• Task goal: Transcribe the listing that follows in full, exactly, and drop its images.

• Information shown:

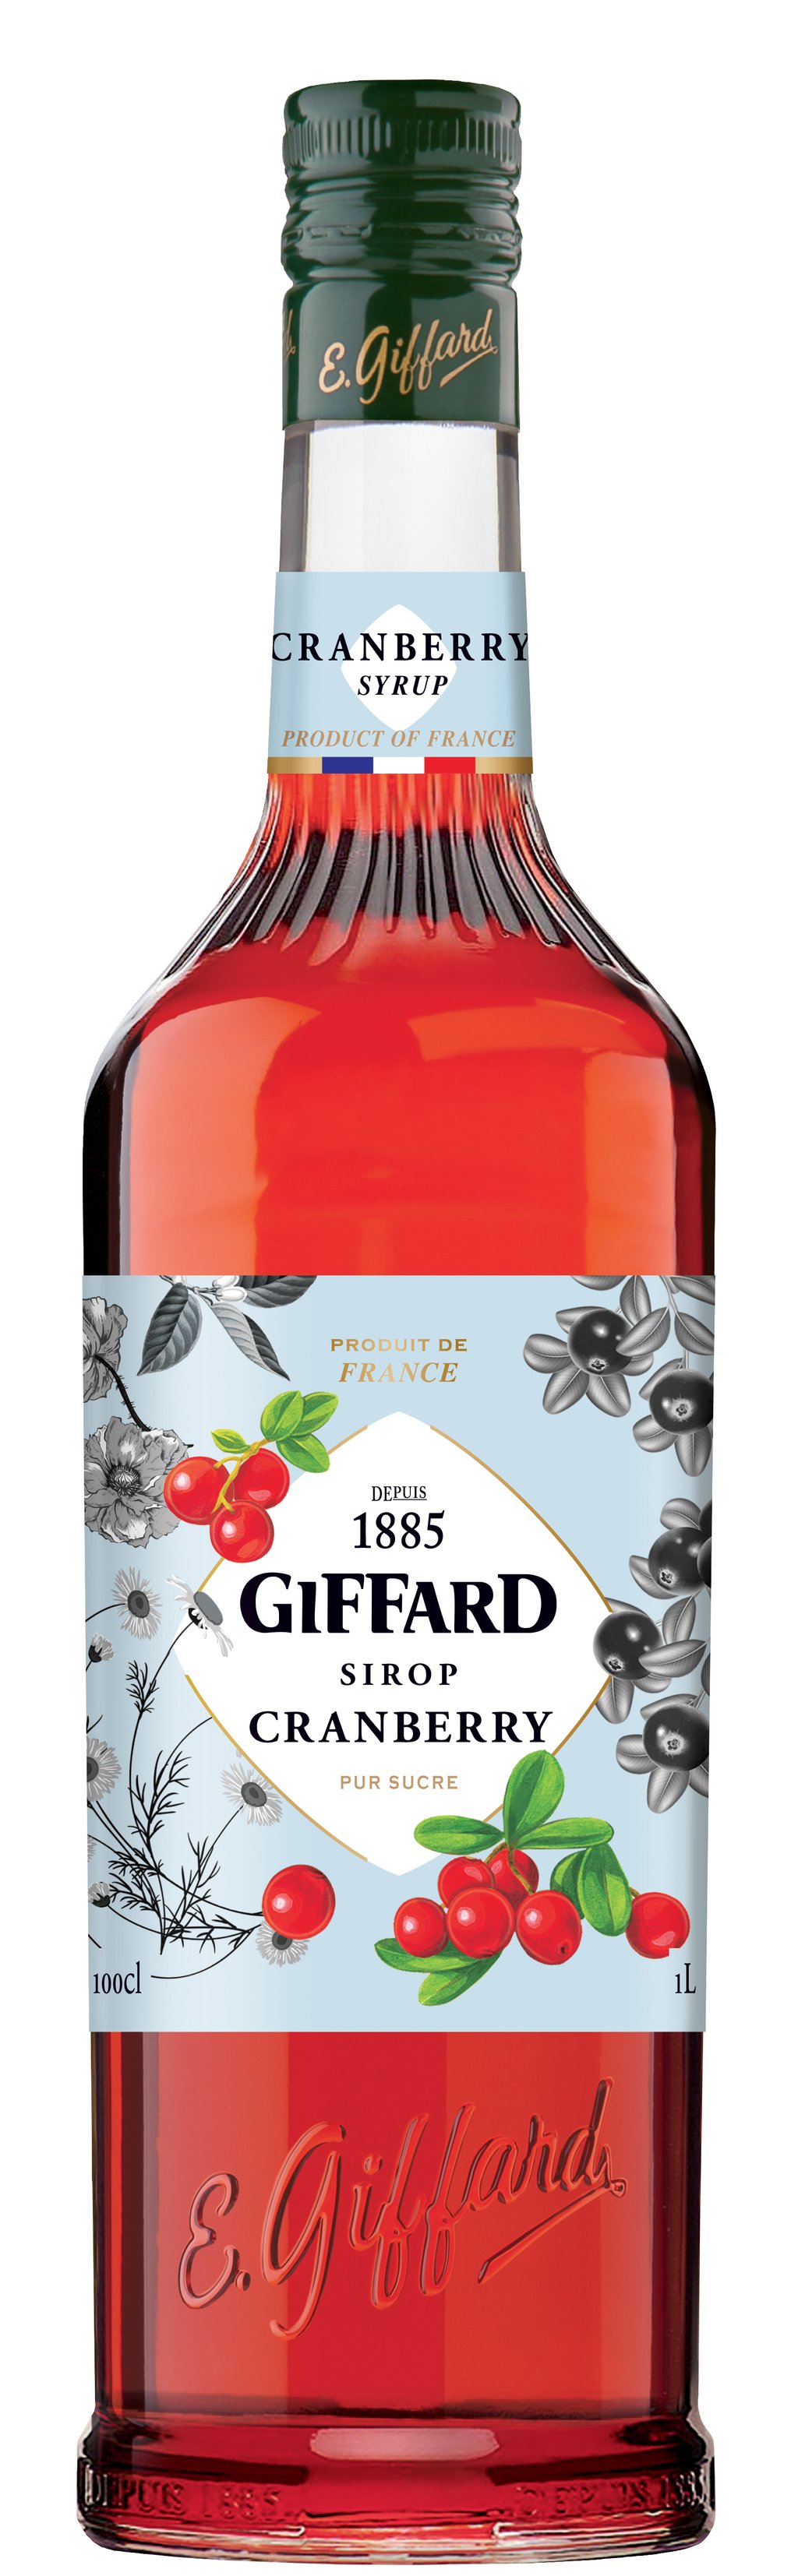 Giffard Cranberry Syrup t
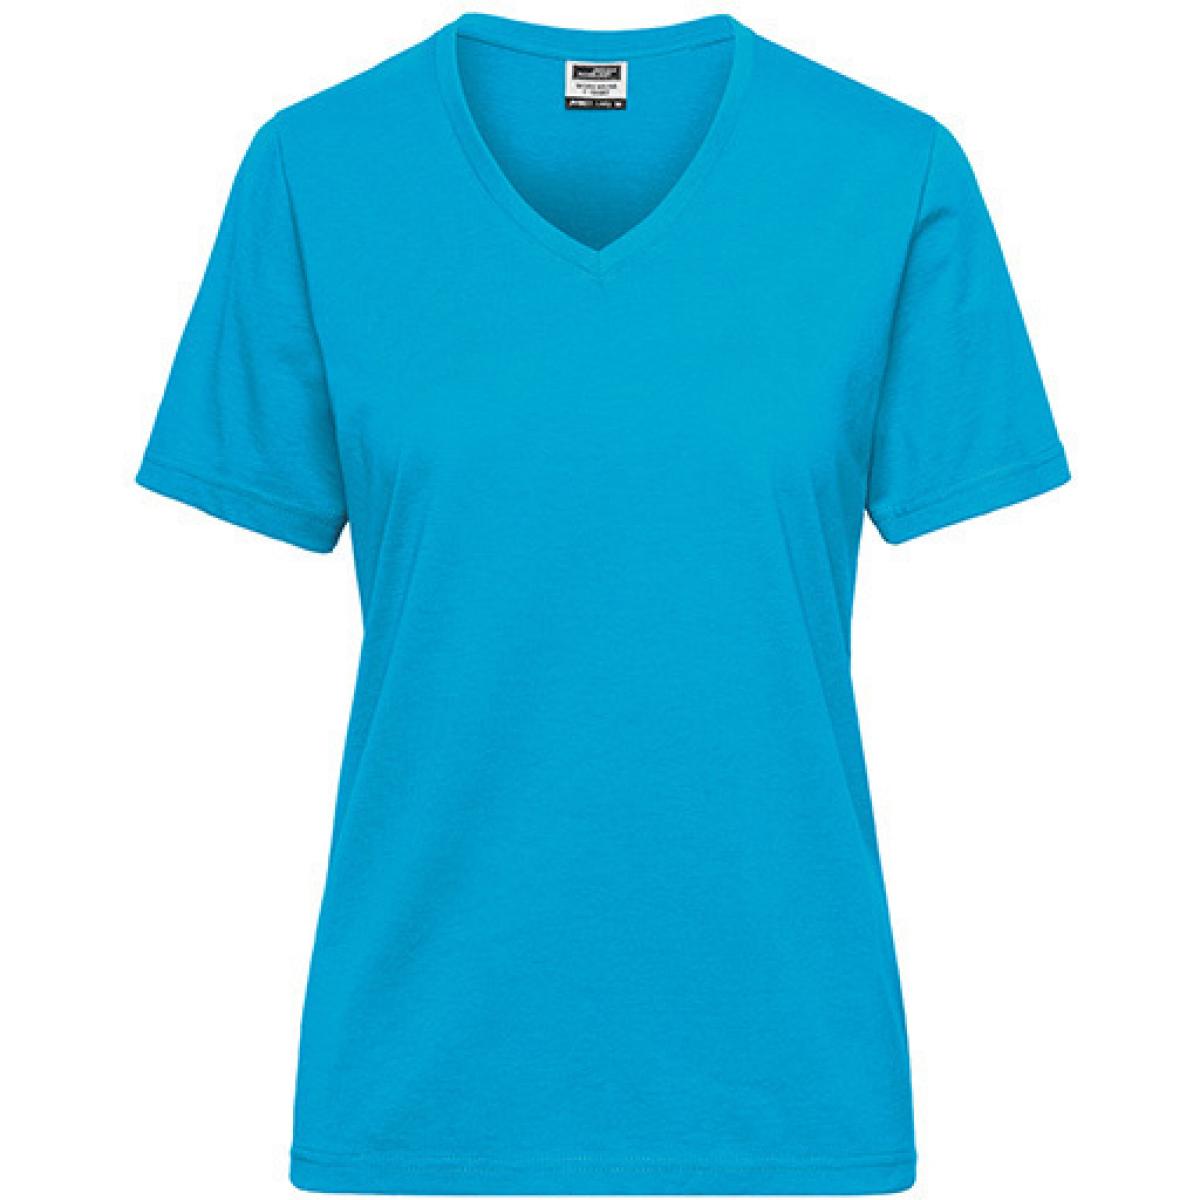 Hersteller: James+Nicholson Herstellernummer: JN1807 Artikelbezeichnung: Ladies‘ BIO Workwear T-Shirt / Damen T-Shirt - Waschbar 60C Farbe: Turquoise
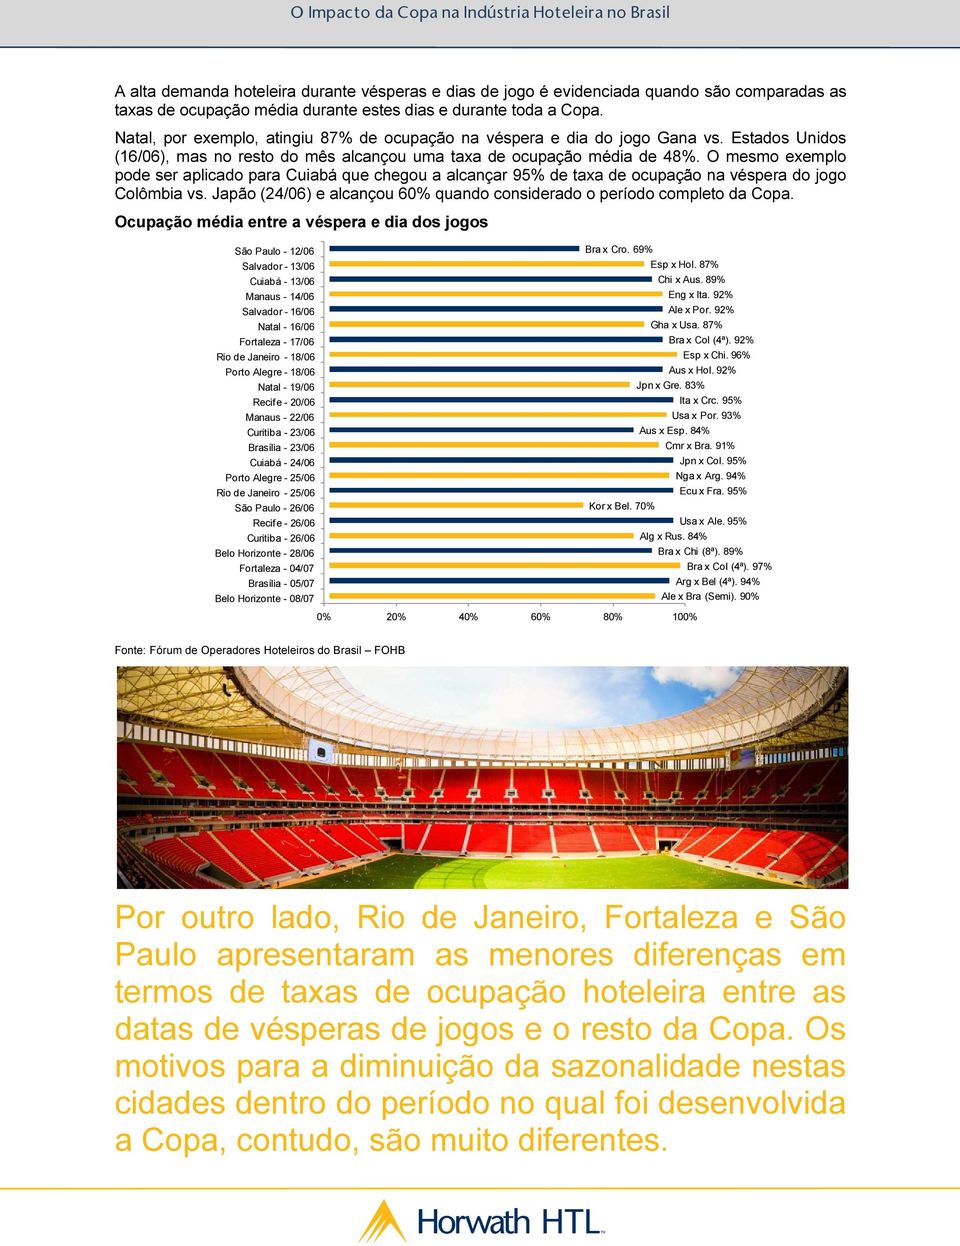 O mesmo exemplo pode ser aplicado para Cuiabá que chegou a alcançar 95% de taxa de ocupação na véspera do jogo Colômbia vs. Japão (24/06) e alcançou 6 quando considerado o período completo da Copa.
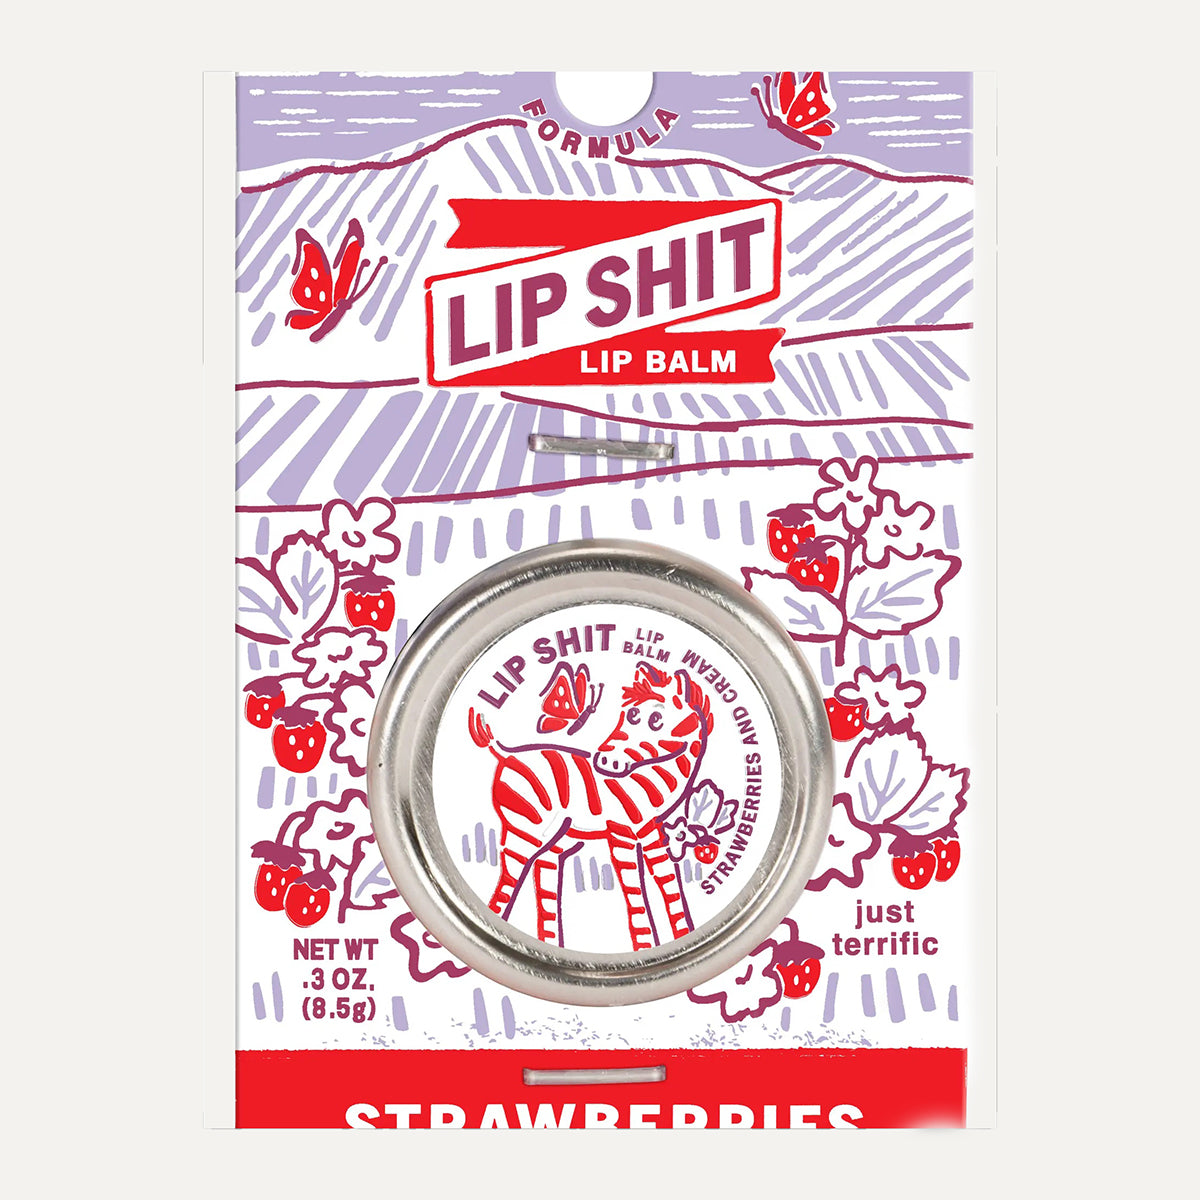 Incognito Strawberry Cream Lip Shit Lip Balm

• Problem solution:
 Giffard Cranberry Syrup t
 Hersteller: James+Nicholson Herstellernummer: JN1807 Artikelbezeichnung: Ladies‘ BIO Workwear T-Shirt / Damen T-Shirt - Waschbar 60C Farbe: Turquoise
 O mesmo exemplo pode ser aplicado para Cuiabá que chegou a alcançar 95% de taxa de ocupação na véspera do jogo Colômbia vs. Japão (24/06) e alcançou 6 quando considerado o período completo da Copa.
 Incognito Strawberry Cream Lip Shit Lip Balm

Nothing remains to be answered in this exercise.